» Task material
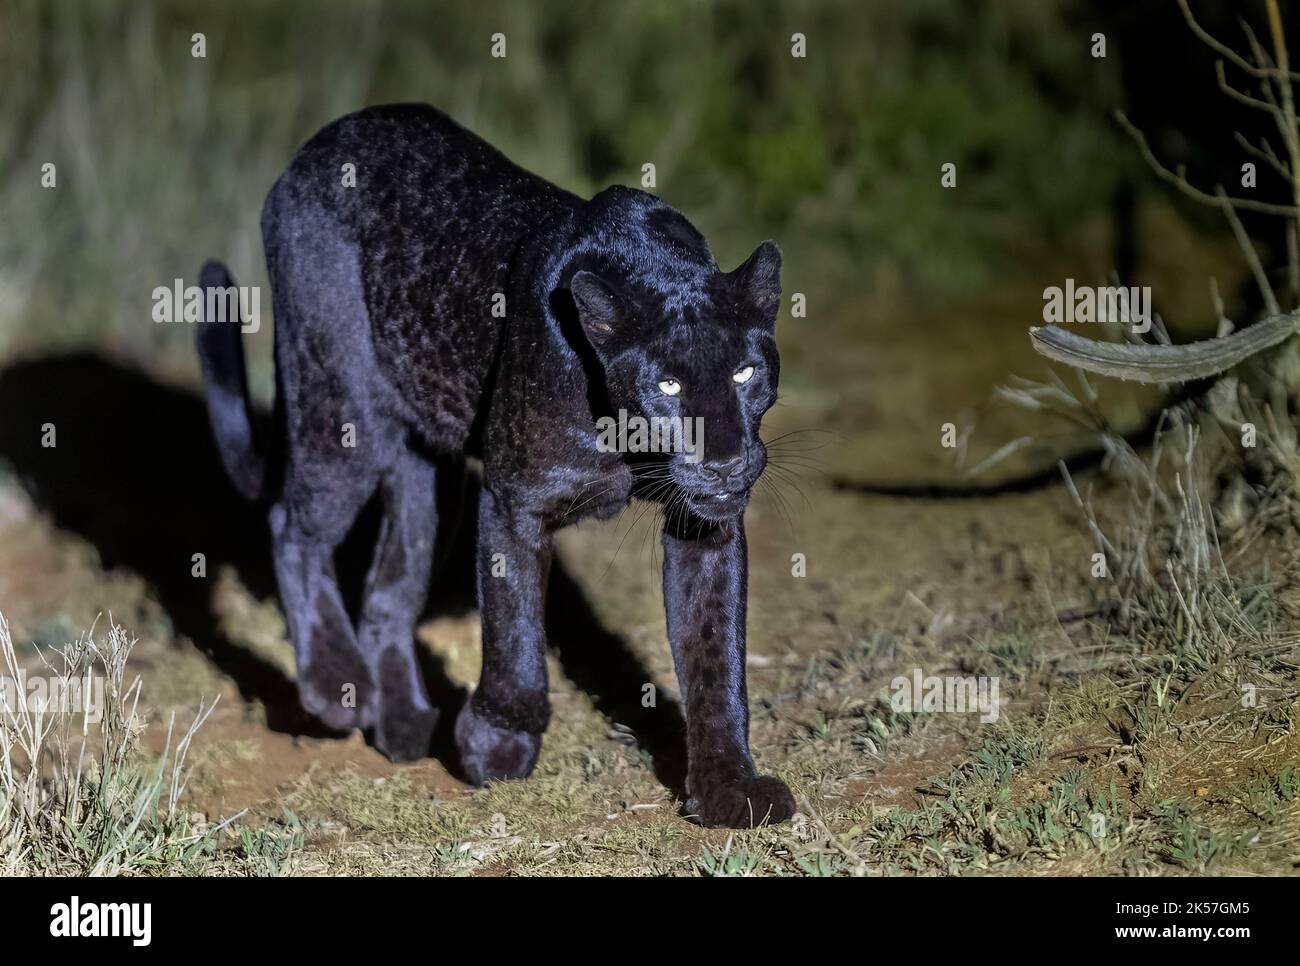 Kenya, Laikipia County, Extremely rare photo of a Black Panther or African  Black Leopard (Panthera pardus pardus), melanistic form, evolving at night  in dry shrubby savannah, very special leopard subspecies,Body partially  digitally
--
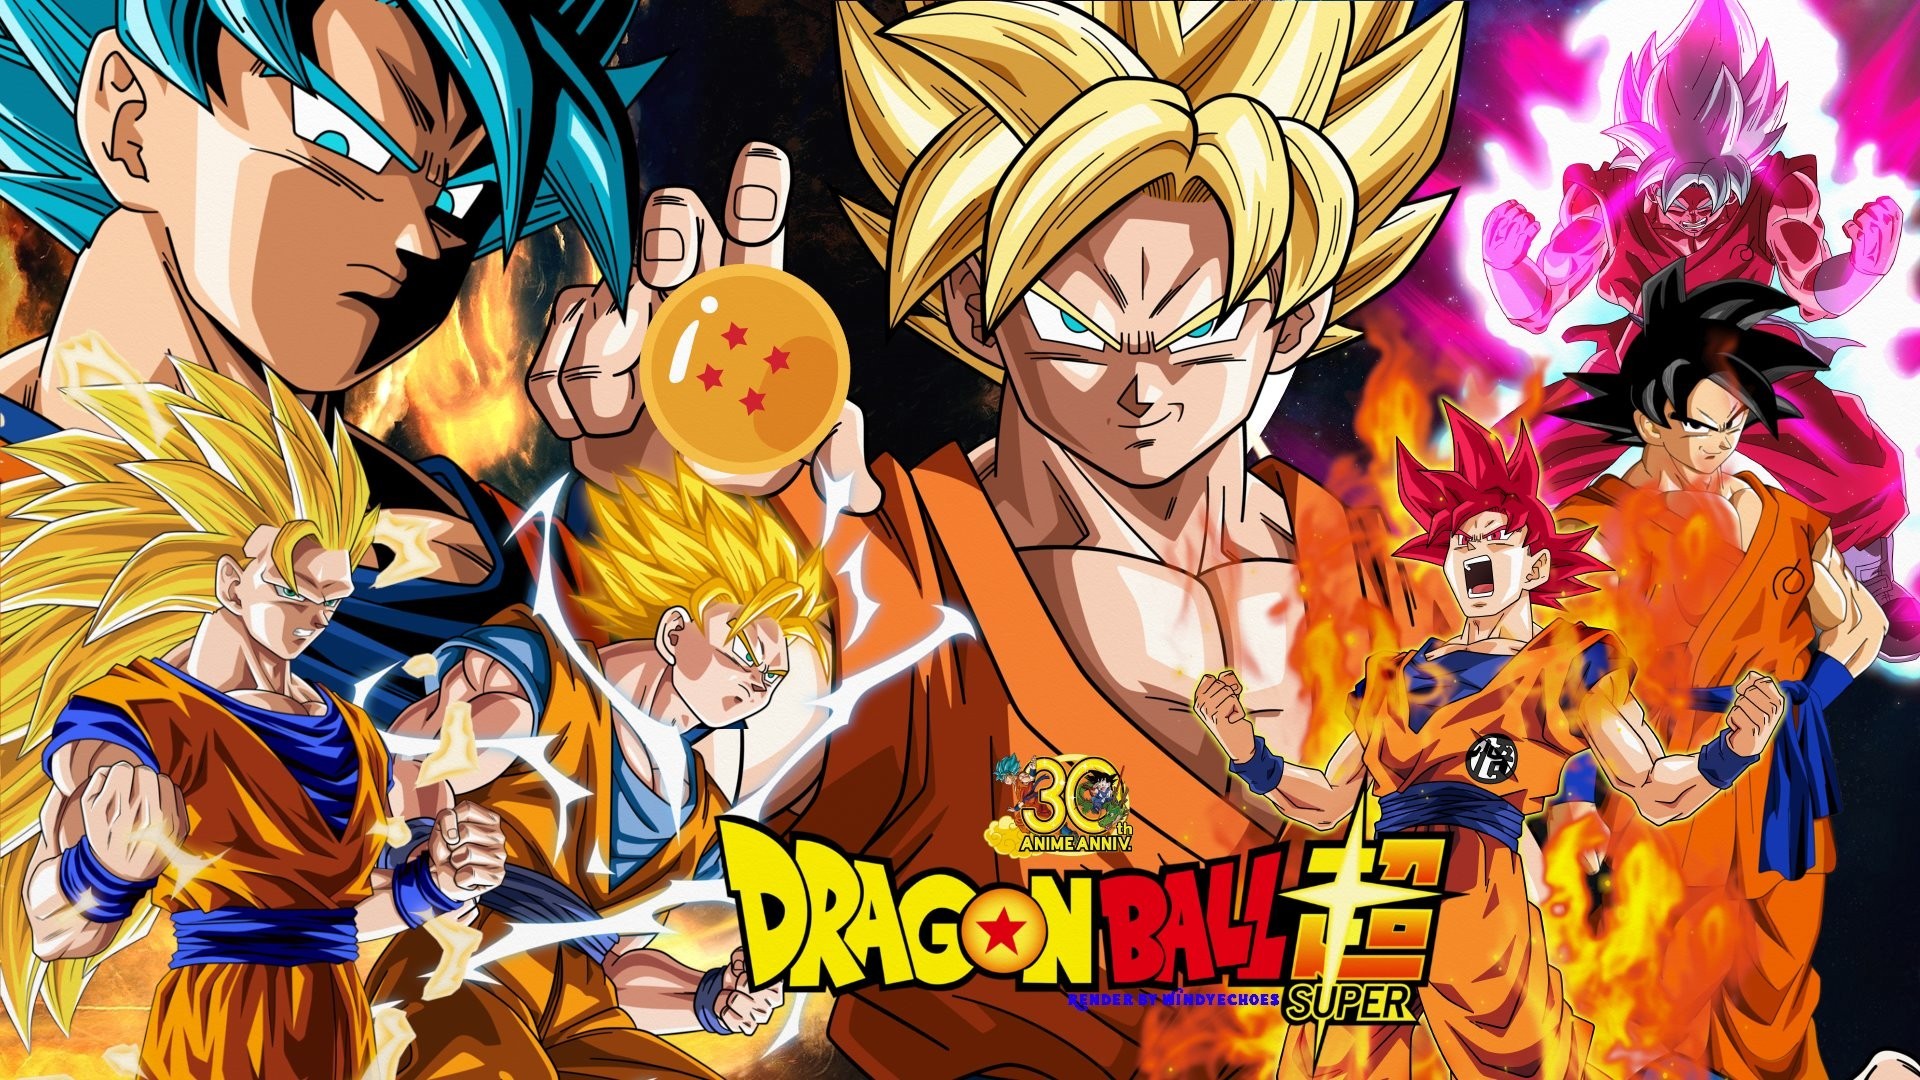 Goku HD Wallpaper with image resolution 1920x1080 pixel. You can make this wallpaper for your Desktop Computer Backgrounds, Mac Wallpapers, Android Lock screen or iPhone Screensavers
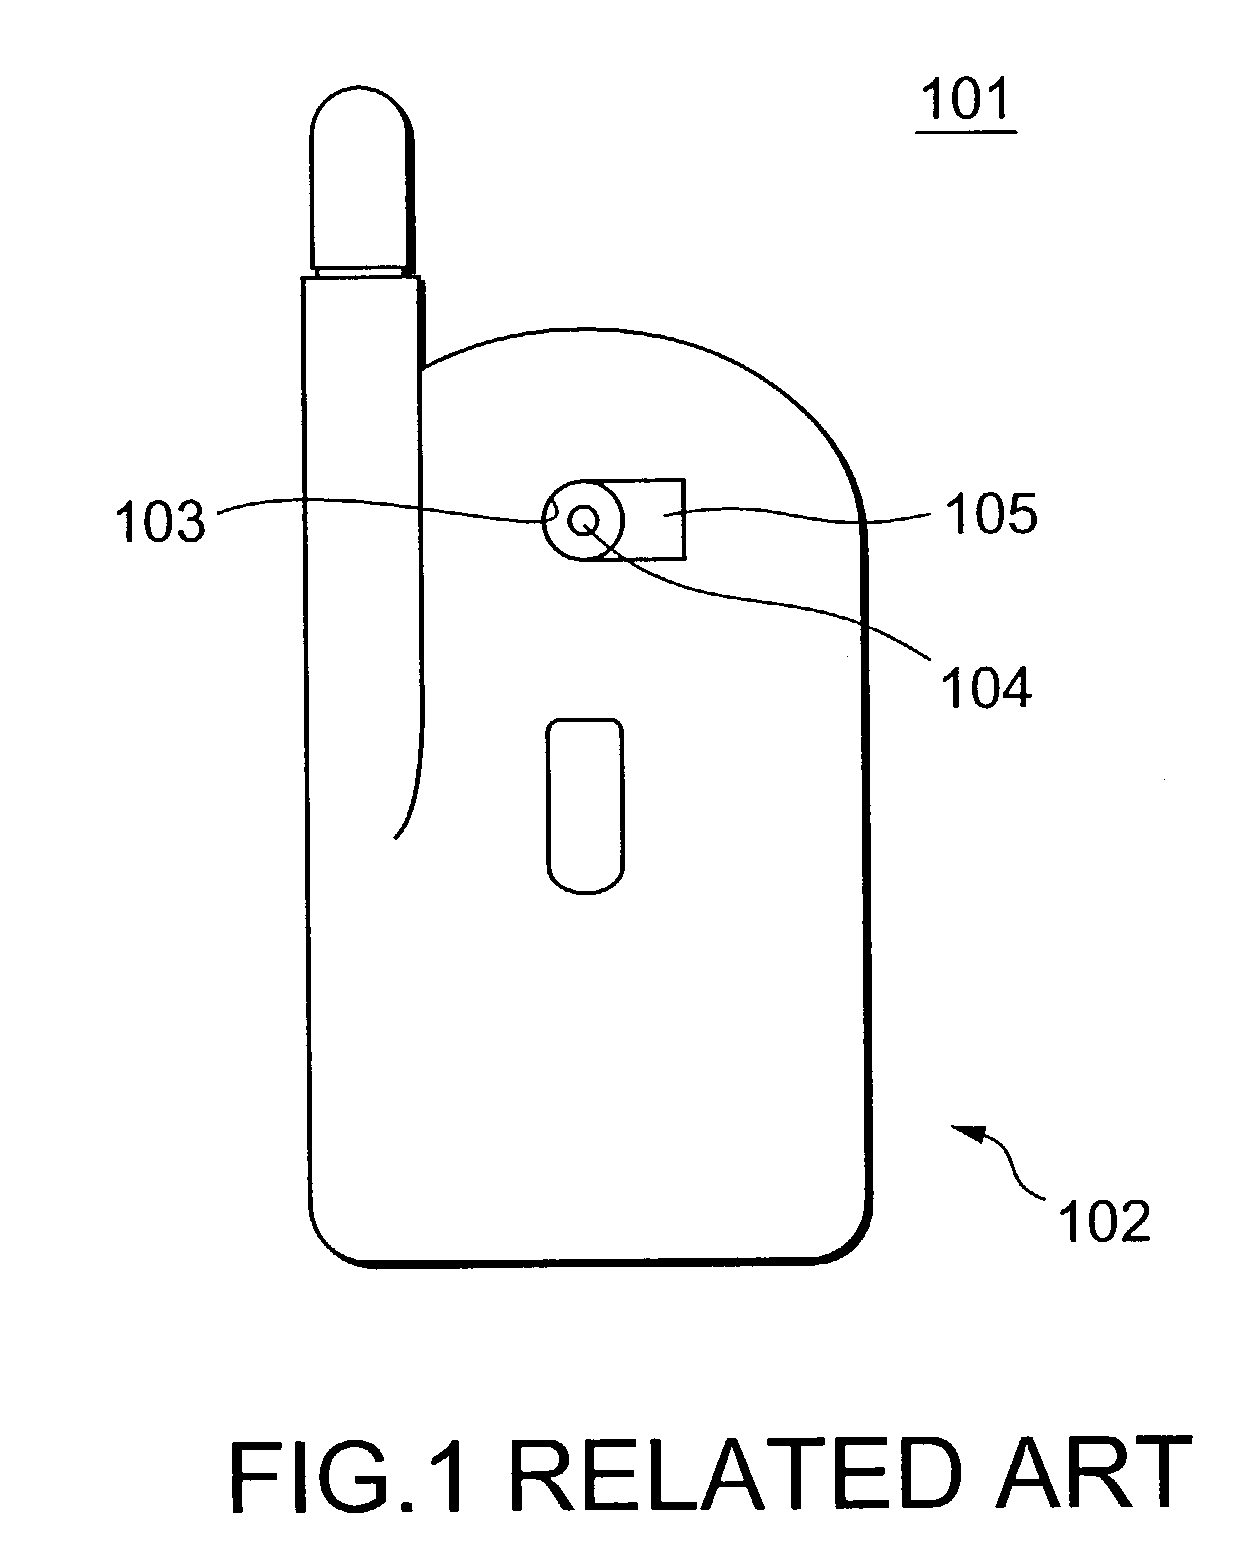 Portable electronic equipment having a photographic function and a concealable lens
...
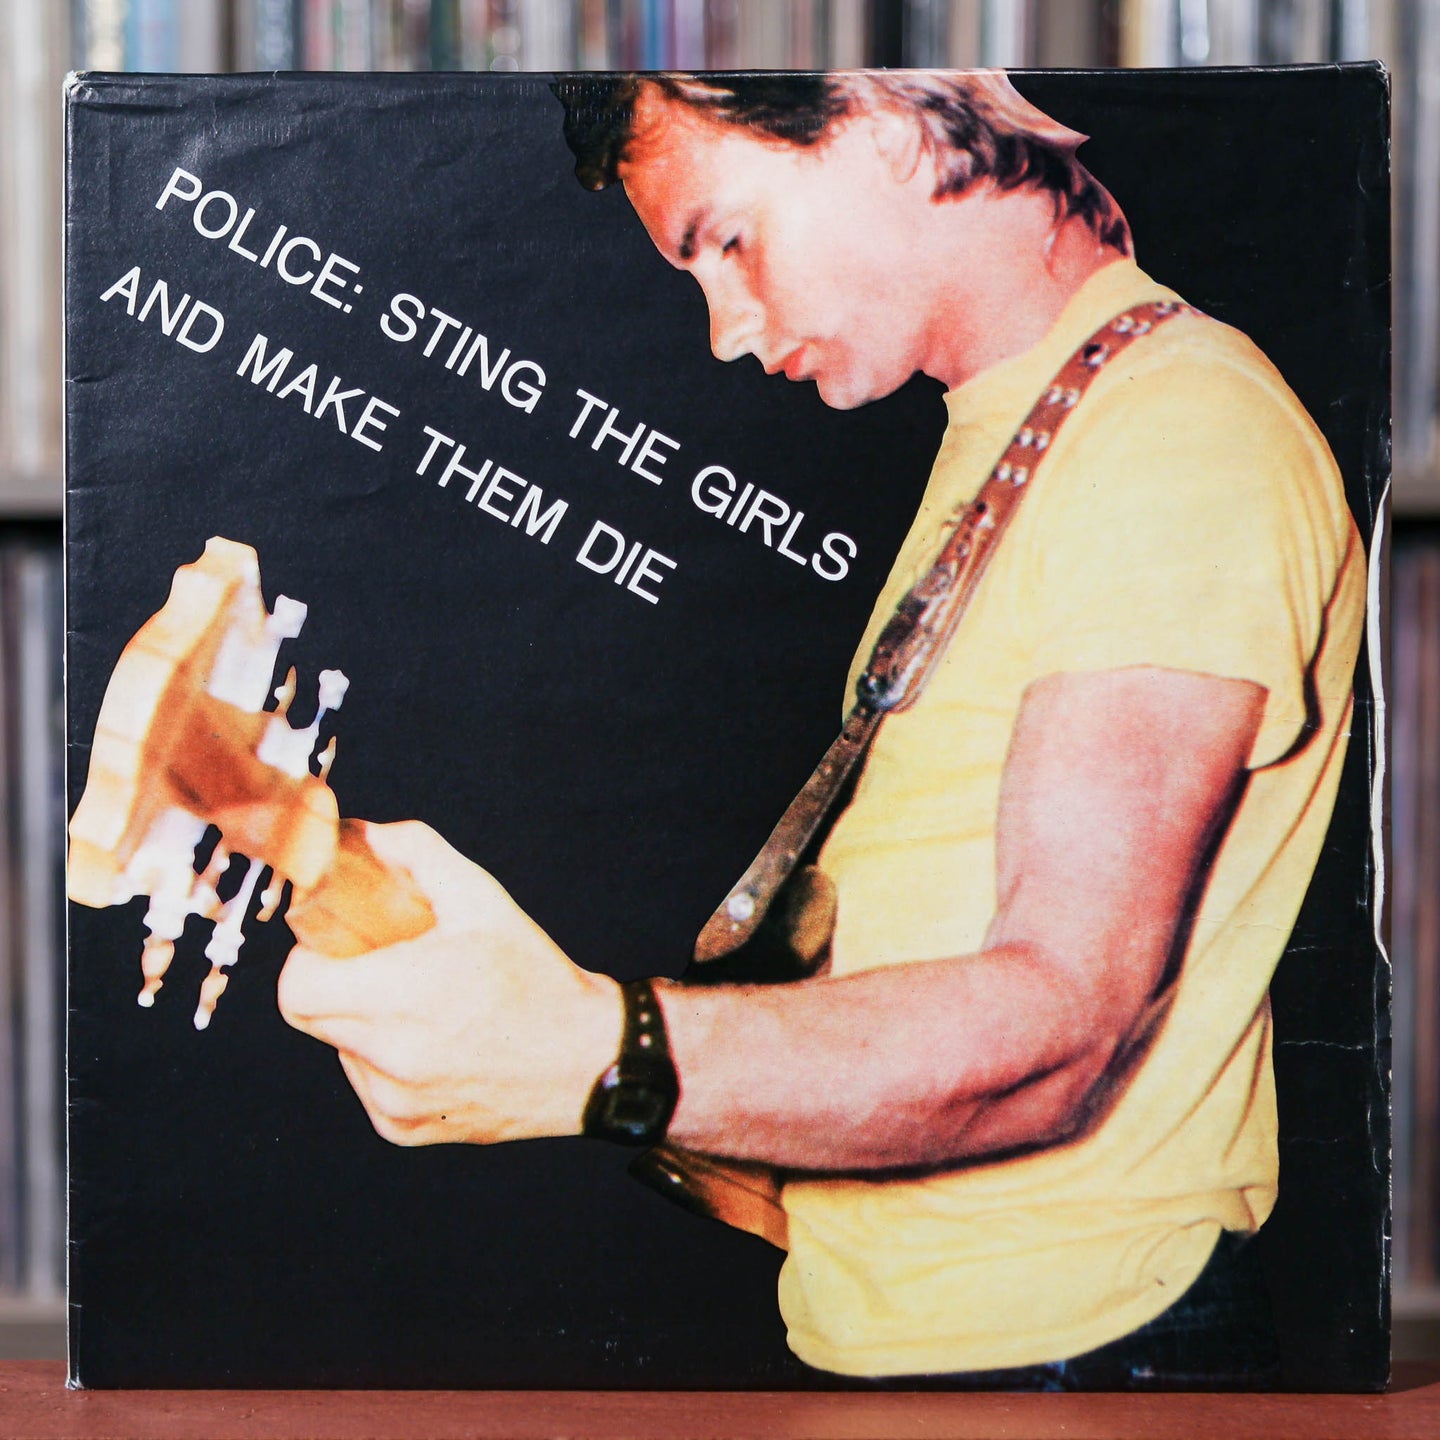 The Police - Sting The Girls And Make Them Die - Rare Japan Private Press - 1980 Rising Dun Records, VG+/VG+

» What the exercise asks
For the entries above, print exactly the lines between the one with "Goku HD Wallpaper" and the one with "Portable electronic equipment", inclusive, with no pictures.

» Exercise output
 Goku HD Wallpaper with image resolution 1920x1080 pixel. You can make this wallpaper for your Desktop Computer Backgrounds, Mac Wallpapers, Android Lock screen or iPhone Screensavers
 Portable electronic equipment having a photographic function and a concealable lens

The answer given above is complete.